*PROBLEM DESCRIPTION*
Repeat the listing below exactly from the line with "The bride and" through its last line. Skip every picture.
[[ STORED DATA open ]]
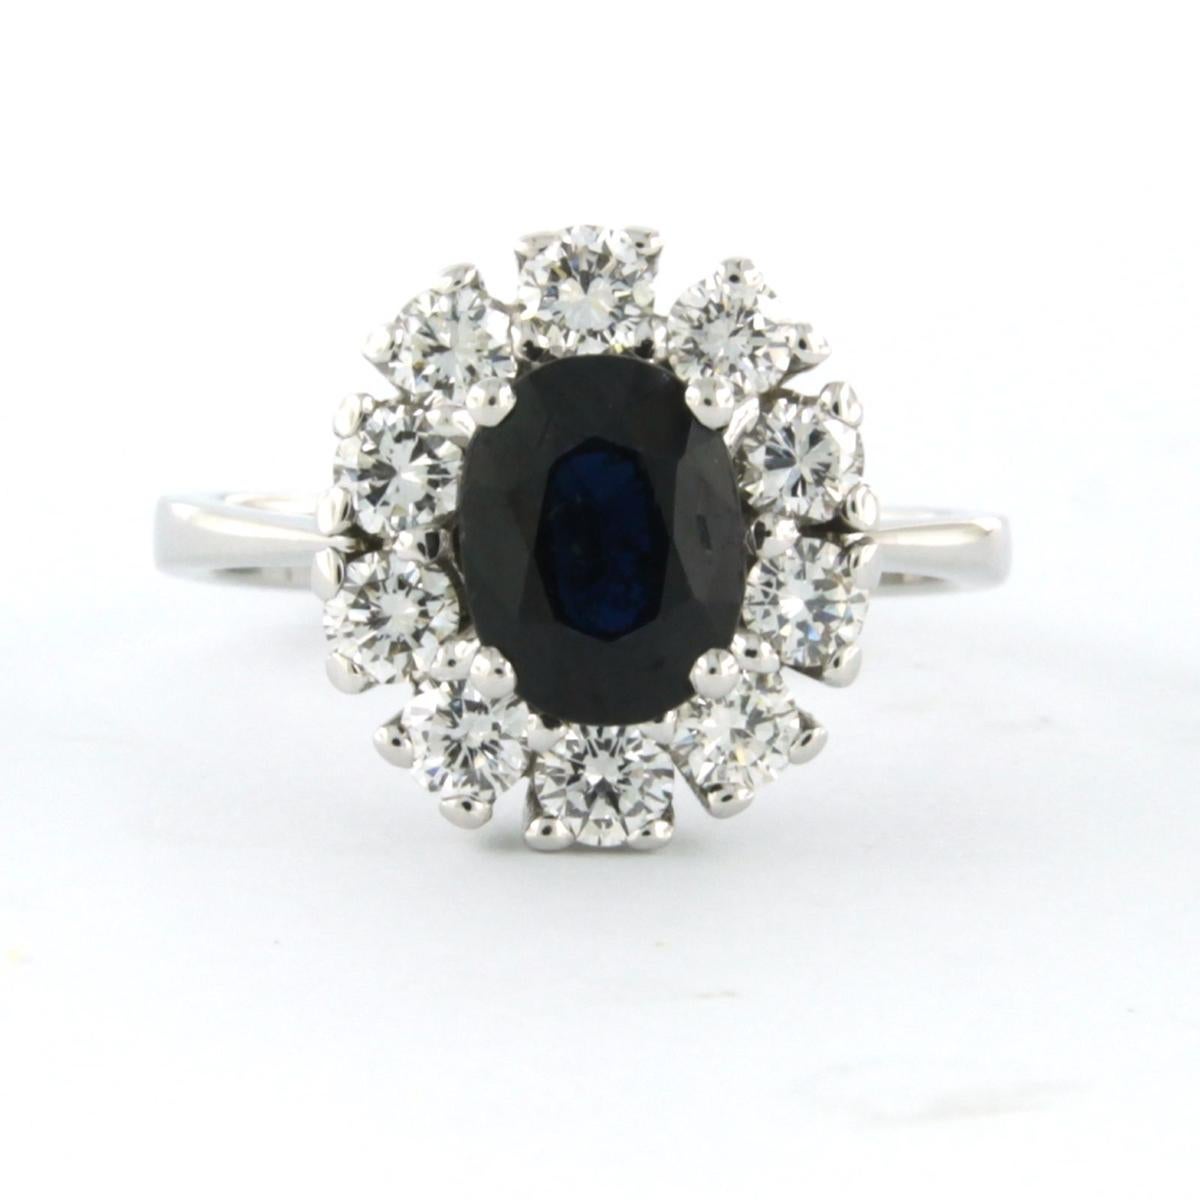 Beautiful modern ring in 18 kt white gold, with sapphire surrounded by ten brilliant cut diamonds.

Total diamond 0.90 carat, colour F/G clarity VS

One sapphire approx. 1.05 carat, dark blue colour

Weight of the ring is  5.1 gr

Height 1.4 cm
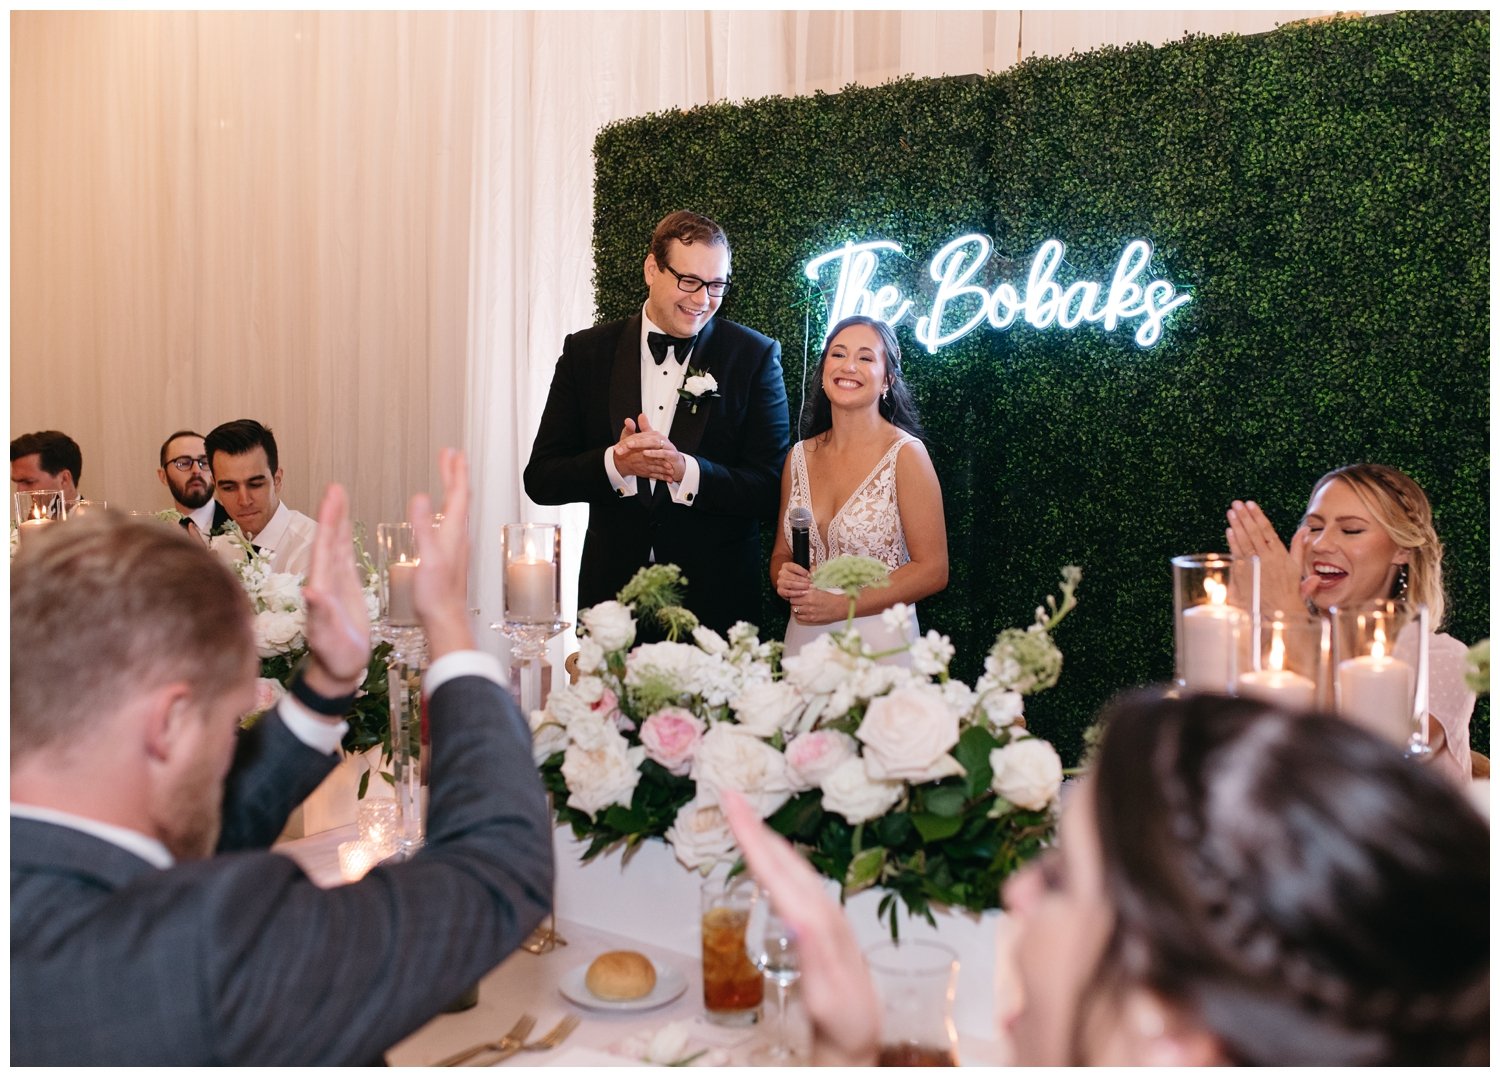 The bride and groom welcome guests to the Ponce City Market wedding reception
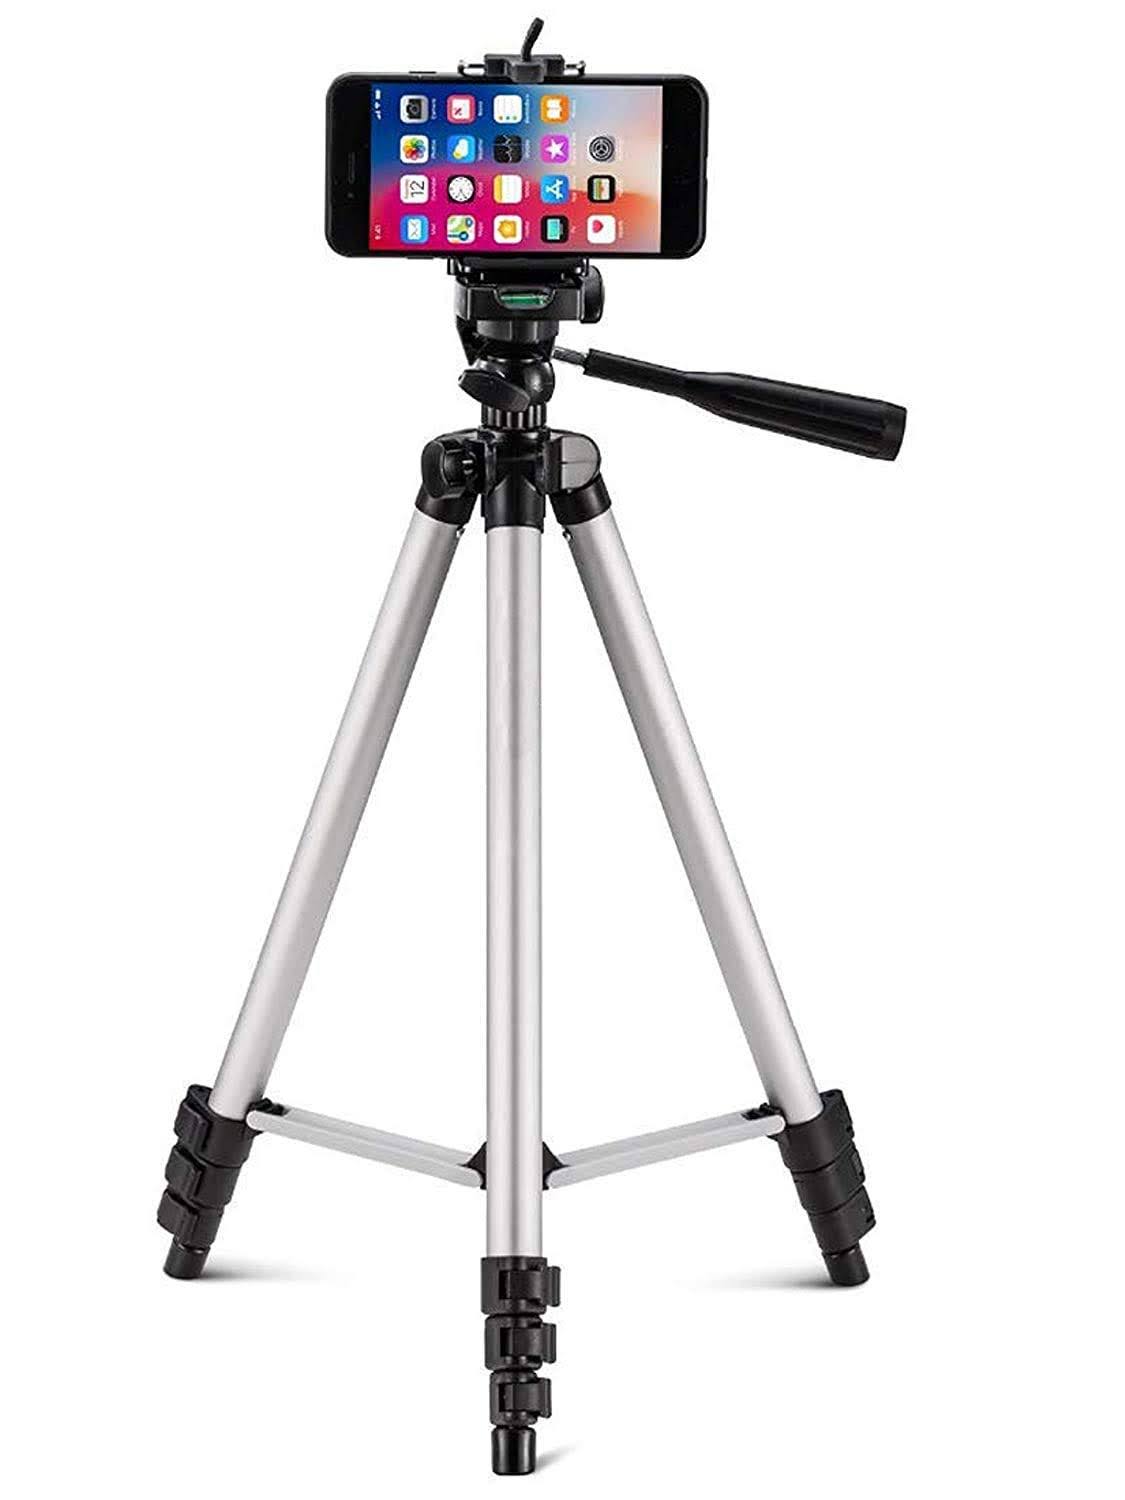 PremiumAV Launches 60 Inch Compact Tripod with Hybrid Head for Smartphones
[[ STORED DATA closed ]]
*ANSWER AREA*
 The bride and groom welcome guests to the Ponce City Market wedding reception
 PremiumAV Launches 60 Inch Compact Tripod with Hybrid Head for Smartphones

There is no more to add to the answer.